¿Recuerdan la temporada pasada? El Liverpool perseguía un cuádruple, jugando todos los partidos posibles hasta el pitido final. Acumularon 92 puntos en la Premier League, perdiendo el título por un solo punto ante el Manchester City. Ganaron ambas copas nacionales y llegaron a la final de la Liga de Campeones. Parecía que no podían hacer nada mal.
¿Ahora? Están novenos en la liga, a 10 puntos de un puesto entre los cuatro primeros después de esa derrota por 2-1 ante el Brighton. Ese es un equipo contra el que también perdieron 3-0 solo una semana antes en la liga. Están fuera de ambas copas nacionales. La energía, la presión implacable, la pura voluntad de ganar, todo simplemente... se ha ido. Se ve en los números. La temporada pasada, marcaron 94 goles en la liga; esta temporada, llevan 34 en 20 partidos. Eso es un ritmo para quizás 65-70 goles, una caída masiva.
El mediocampo es el problema más obvio. Jordan Henderson no se está volviendo más joven, Fabinho parece una sombra de lo que fue, y Thiago, aunque brillante con el balón, no puede cubrir todo el terreno. El Brighton los atravesó como un colador en ese partido de la FA Cup. Alexis Mac Allister y Moises Caicedo dominaron absolutamente el centro del campo, algo que casi nunca se veía en el motor del mediocampo del Liverpool en años anteriores. James Milner, que Dios lo bendiga, tiene 37 años. Naby Keita y Alex Oxlade-Chamberlain simplemente no pueden mantenerse en forma. Es un grupo que está envejeciendo, fuera de forma o perpetuamente lesionado. Y eso significa que la defensa, que siempre ha dependido de la protección del mediocampo, queda constantemente expuesta. Alisson ha enfrentado 20 tiros a puerta más esta temporada en comparación con el mismo punto del año pasado.
La cuestión es que esto no se trata solo de personal. Se trata de un sistema que prospera con la intensidad. Cuando el mediocampo no puede presionar, cuando los laterales no pueden avanzar con la misma libertad, todo se detiene. Trent Alexander-Arnold, un jugador al que siempre he defendido por su brillantez ofensiva, simplemente no es un defensor lo suficientemente bueno como para estar constantemente aislado. Es un creador de juego, no un lateral inexpugnable, y cuando el sistema se desmorona a su alrededor, sus debilidades son evidentes. Fue sorprendido fuera de posición varias veces contra el Brighton, y eso no es algo nuevo.

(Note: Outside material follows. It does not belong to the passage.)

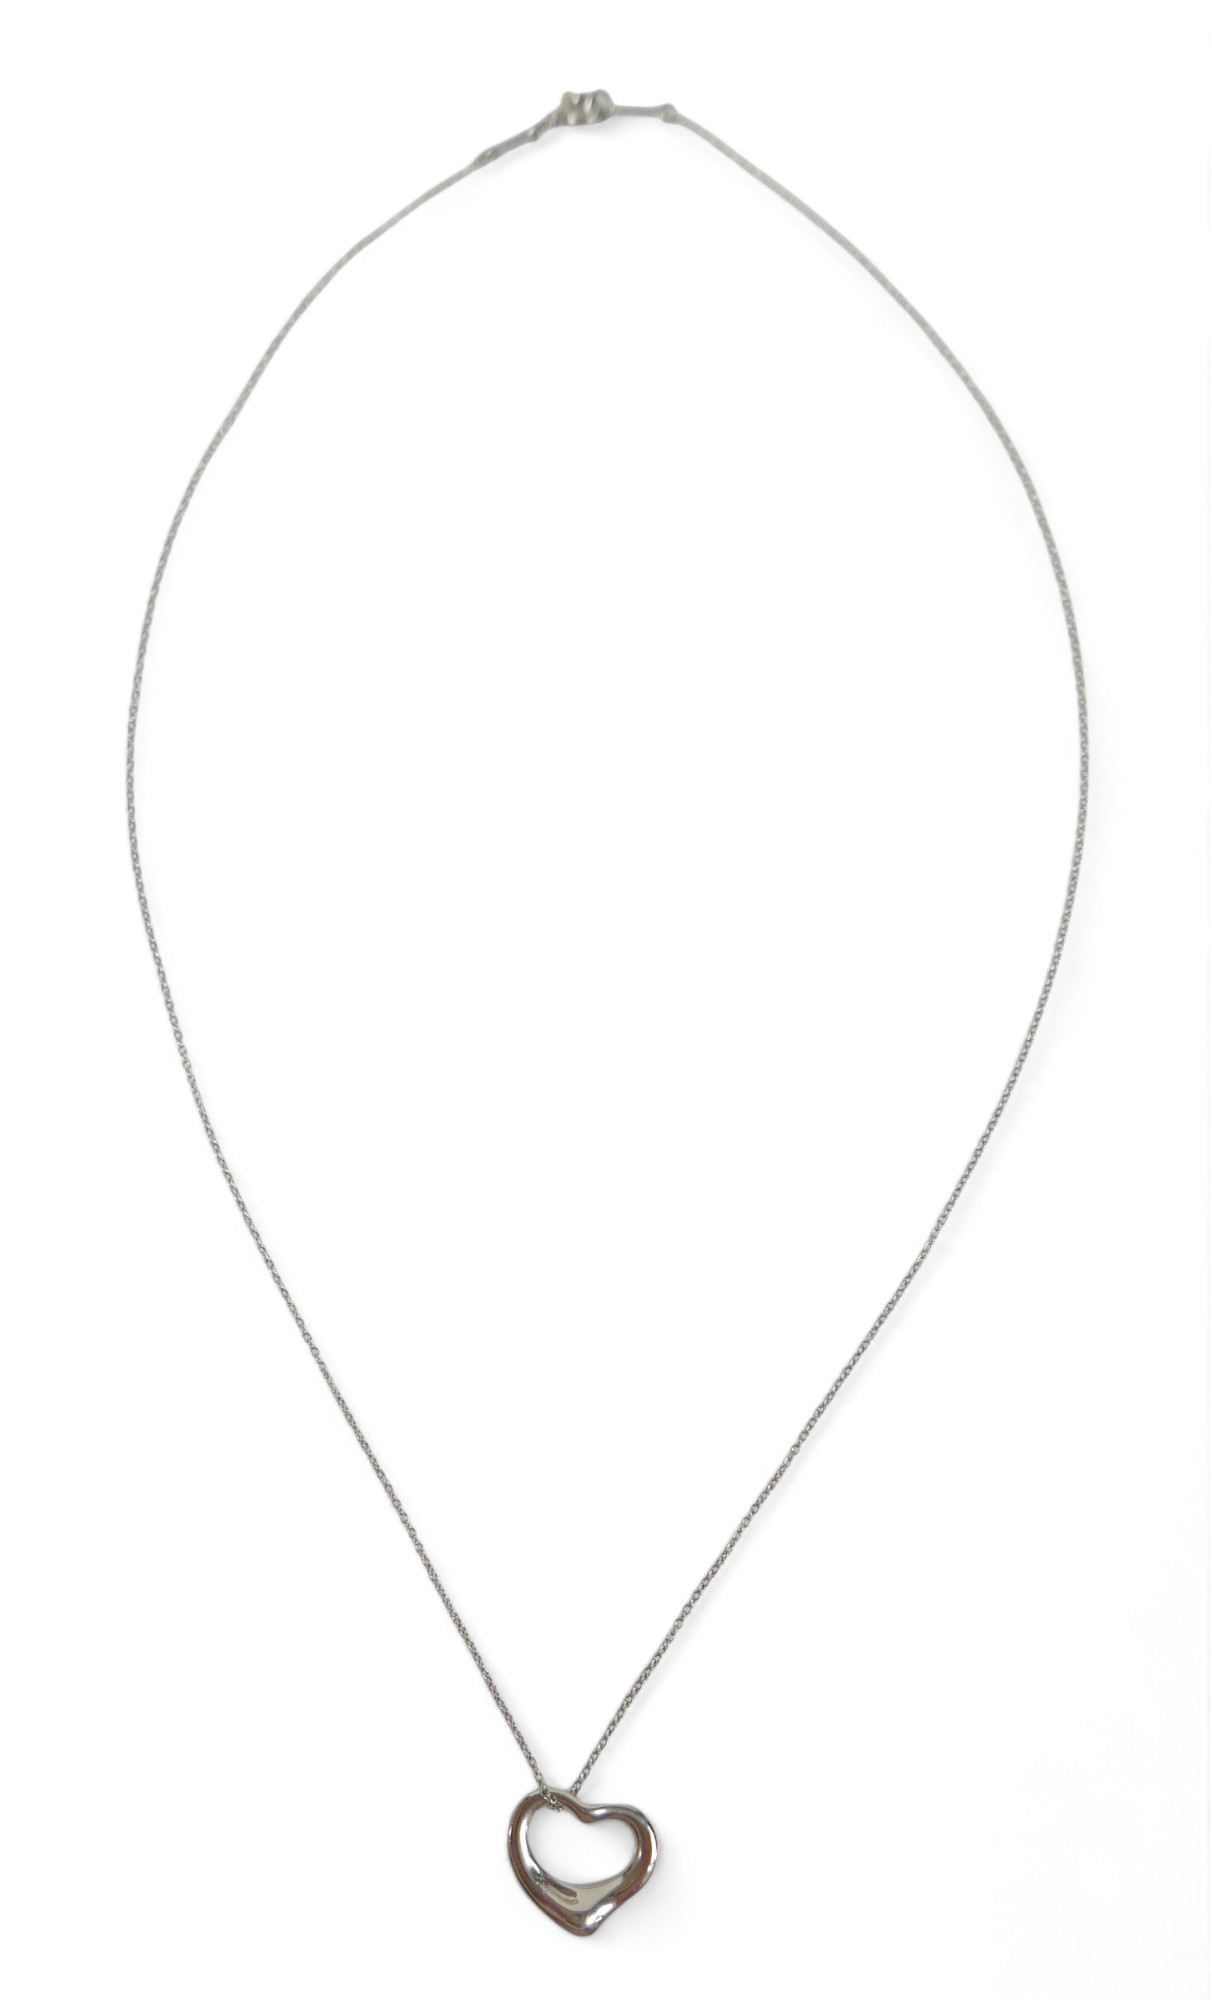 A Tiffany & Co 950 platinium Peretti heart pendant and chain, total 5.4 grams, 45cm chain. - Image 2 of 6

Miren, pueden señalar las lesiones. Virgil van Dijk ha estado fuera, Luis Díaz es una gran baja, Diogo Jota también. Y sí, eso duele. Pero todos los equipos lidian con lesiones. El Manchester City acaba de ganar la liga el año pasado con Kevin De Bruyne y Erling Haaland apenas jugando juntos. El verdadero problema es que el núcleo del Liverpool, el que se esforzó al máximo durante cinco años, finalmente está mostrando el desgaste. El fútbol de alta intensidad de Jürgen Klopp exige un nivel imposible de rendimiento físico y mental. Han estado a 100 mph durante tanto tiempo, y ahora están funcionando con las últimas reservas.
¿Mi opinión? Esto es más que un bache. Este es el final de una era para este equipo específico del Liverpool. Necesitan una revisión masiva en verano, especialmente en el mediocampo, o se quedarán luchando por puestos de la Europa League. No solo se perderán los cuatro primeros esta temporada; terminarán fuera de los seis primeros por completo.